## 2008-11-26

### Trimmed standard deviation

R provides you with a regular mean, i.e., sum the values and divide them by the number of values, as well as with the trimmed version. In the later, we remove a proportion of the smallest and the largest values. This can be handy to evaluate the effect of outliers on the mean. Check this out:
## Sample 100 values from standard normal distribution
x <- rnorm(n=100)
x <- c(x, 100)
## Calculate the mean
mean(x)
## [1] 1.018909
## Calculate the trimmed mean
mean(x, trim=0.01)
## [1] 0.04981092
I will not talk here about the effect of outliers on the mean. Above example can be used for the exploration. I wanted to do the same trick with standard deviation, but found out that this is not possible out of the box in R. I coul be wrong-. Well, I modified the mean.default function to do that. It is not perfect, but serves my purpose.
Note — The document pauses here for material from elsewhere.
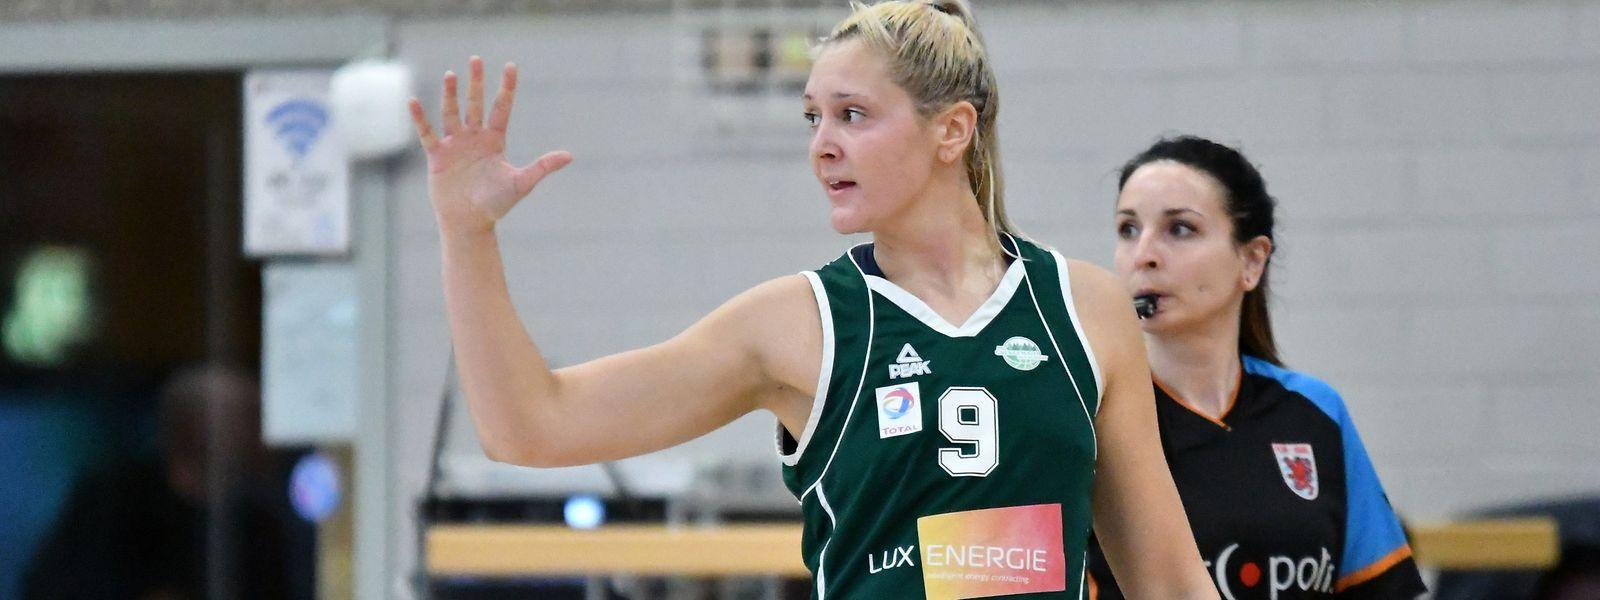 Alexandra Louin steht mit Gréngewald im Finale.

Here are the result for the above data:
sd.trim(x)
## [1] 9.997196
sd.trim(x, trim=0.01)
## [1] 0.9841417
And the code:
sd.trim <- function(x, trim=0, na.rm=FALSE, ...)
{
if(!is.numeric(x) && !is.complex(x) && !is.logical(x)) {
warning("argument is not numeric or logical: returning NA")
return(NA_real_)
}
if(na.rm) x <- x[!is.na(x)]
if(!is.numeric(trim) || length(trim) != 1)
stop("'trim' must be numeric of length one")
n <- length(x)
if(trim > 0 && n > 0) {
if(is.complex(x)) stop("trimmed sd are not defined for complex data")
if(trim >= 0.5) return(0)
lo <- floor(n * trim) + 1
hi <- n + 1 - lo
x <- sort.int(x, partial = unique(c(lo, hi)))[lo:hi]
}
sd(x)
}